Sql-server – Partitioned Tables and Indexes – what are the downsides

indexpartitioningperformancesql serversql server 2014

When talking about Partitioned Tables and Indexes for tables with less than 100 partitions,

no nonaligned indexes:

with that I mean:

Nonaligned index

An index partitioned independently from its corresponding table.

That is, the index has a different partition scheme or is placed on a
separate filegroup from the base table.

Designing an nonaligned partitioned index can be useful in the
following cases:

The base table has not been partitioned.

The index key is unique and it does not contain the partitioning
column of the table.

You want the base table to participate in collocated joins with more
tables using different join columns

Are there other performance drawbacks than:

1 – slowing down some DBCC commands

2 – Queries that use operators such as TOP or MAX/MIN on columns other than the partitioning column may experience reduced performance with partitioning because all partitions must be evaluated.

3 –

Queries that use partition elimination could have comparable or
improved performance with larger number of partitions. Queries that do
not use partition elimination could take longer to execute as the
number of partitions increases.

Best Answer

Expanding upon your list, here are a couple potential downsides that we have come across in real production workloads:

Seeking into multiple partitions

Expanding on the queries that do not use partition elimination could take longer to execute point, there is a specific pattern that is particularly affected: singleton seeks. This operation will become much slower if all (or even a modest subset of) partitions need to be accessed. The skip scan operation essentially performs a seek into every partition that cannot be eliminated.

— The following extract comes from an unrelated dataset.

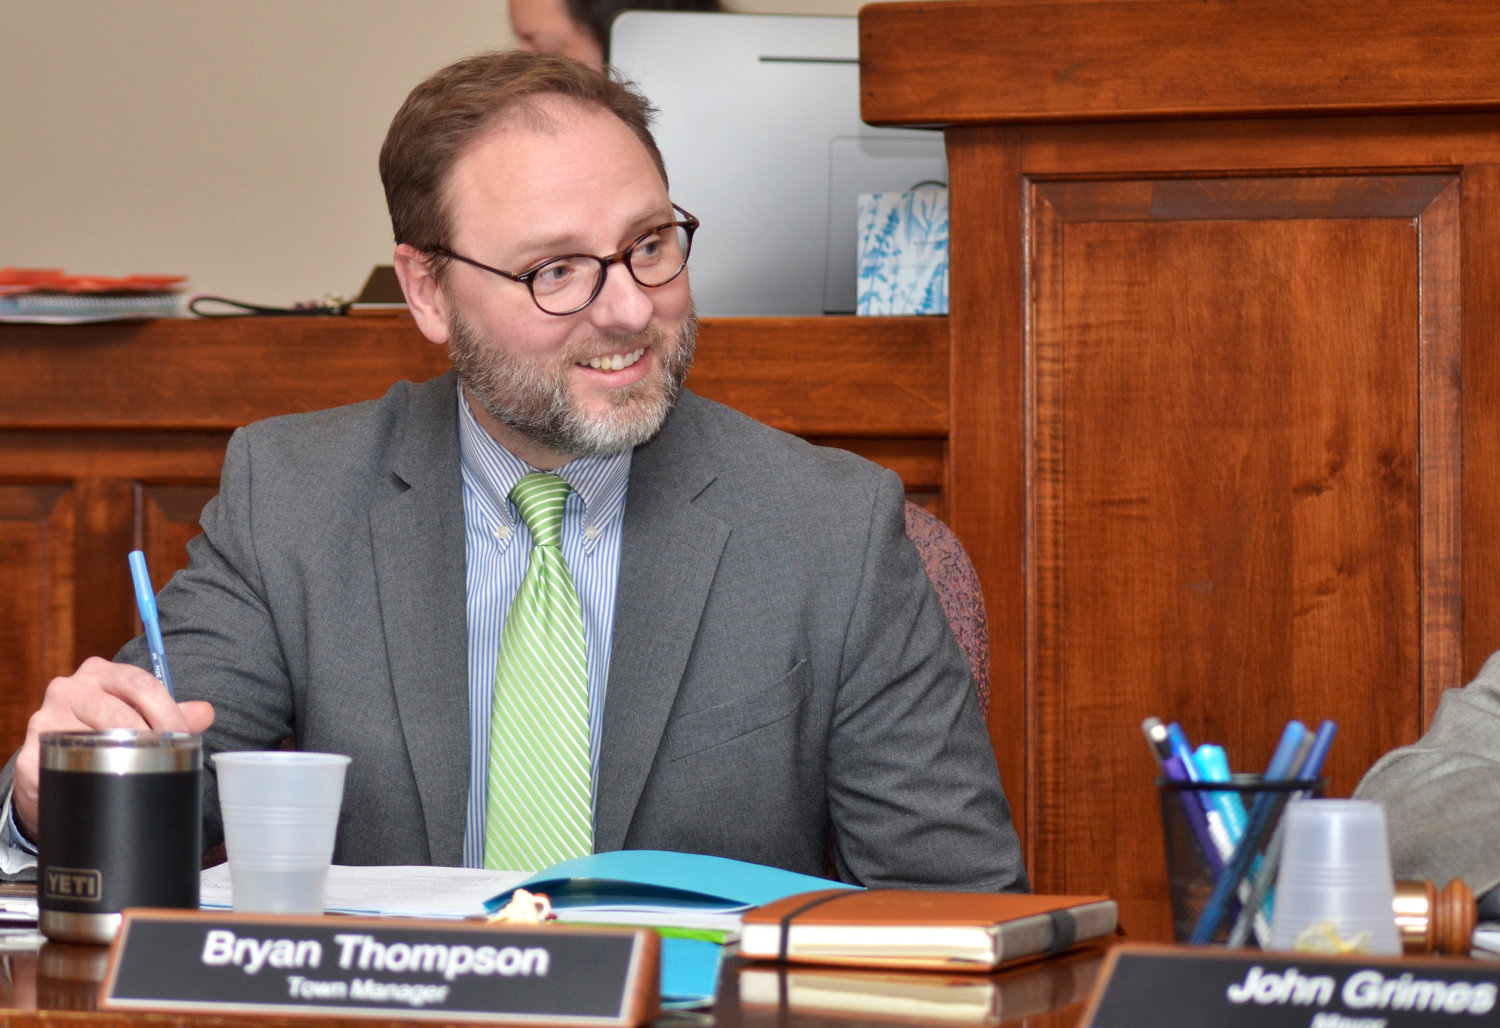 The two projects will be financed by $40 million of the approved limited obligation proposal, Assistant County Manager Bryan Thompson told the News + Record.

enter image description here

Let's say that you have a billion row table (N = 1,000,000,000) with rows divided equally into 1,000 partitions (P = 1,000). A single seek is roughly O(log(N)) ~ 30 in a non-partitioned table. However, this same seek operation becomes roughly O(P*log(N/P)) ~ 20,000 in this hypothetical partitioned table. So the seek now performs over 500x more work if data from all partitions is needed (or sometimes even if it isn't needed, but SQL can't prove that based on your query).

Note that this can come up both when you explicitly query the table for one row (or a small range of rows) and in more complex queries when the partitioned table appears in the innder side of a loop join. The good news is that SQL Server is reasonably good about taking this into account in cost-based optimization, but that still typically means that you get a hash join when a loop-seek into a non-partitioned table would have been far more optimal.

Thread skew in parallel query execution

In parallel query plans, threads are allocated to partitions. If there is one partition that is much larger than the others, queries against the table may be particularly susceptible to thread skew. It's possible that one thread gets too high a proportion of rows and is processing long after the other threads have done their work. This situation can happen with non-partitioned tables as well, but any partition functions that do not equally distribute rows are particularly vulnerable.

See Parallel Query Execution Strategy for Partitioned Objects for a more detailed description of the allocation of threads to partitions. For example:

The query processor uses a parallel execution strategy for queries that select from partitioned objects. As part of the execution strategy, the query processor determines the table partitions required for the query and the proportion of threads to allocate to each partition. In most cases, the query processor allocates an equal or almost equal number of threads to each partition, and then executes the query in parallel across the partitions.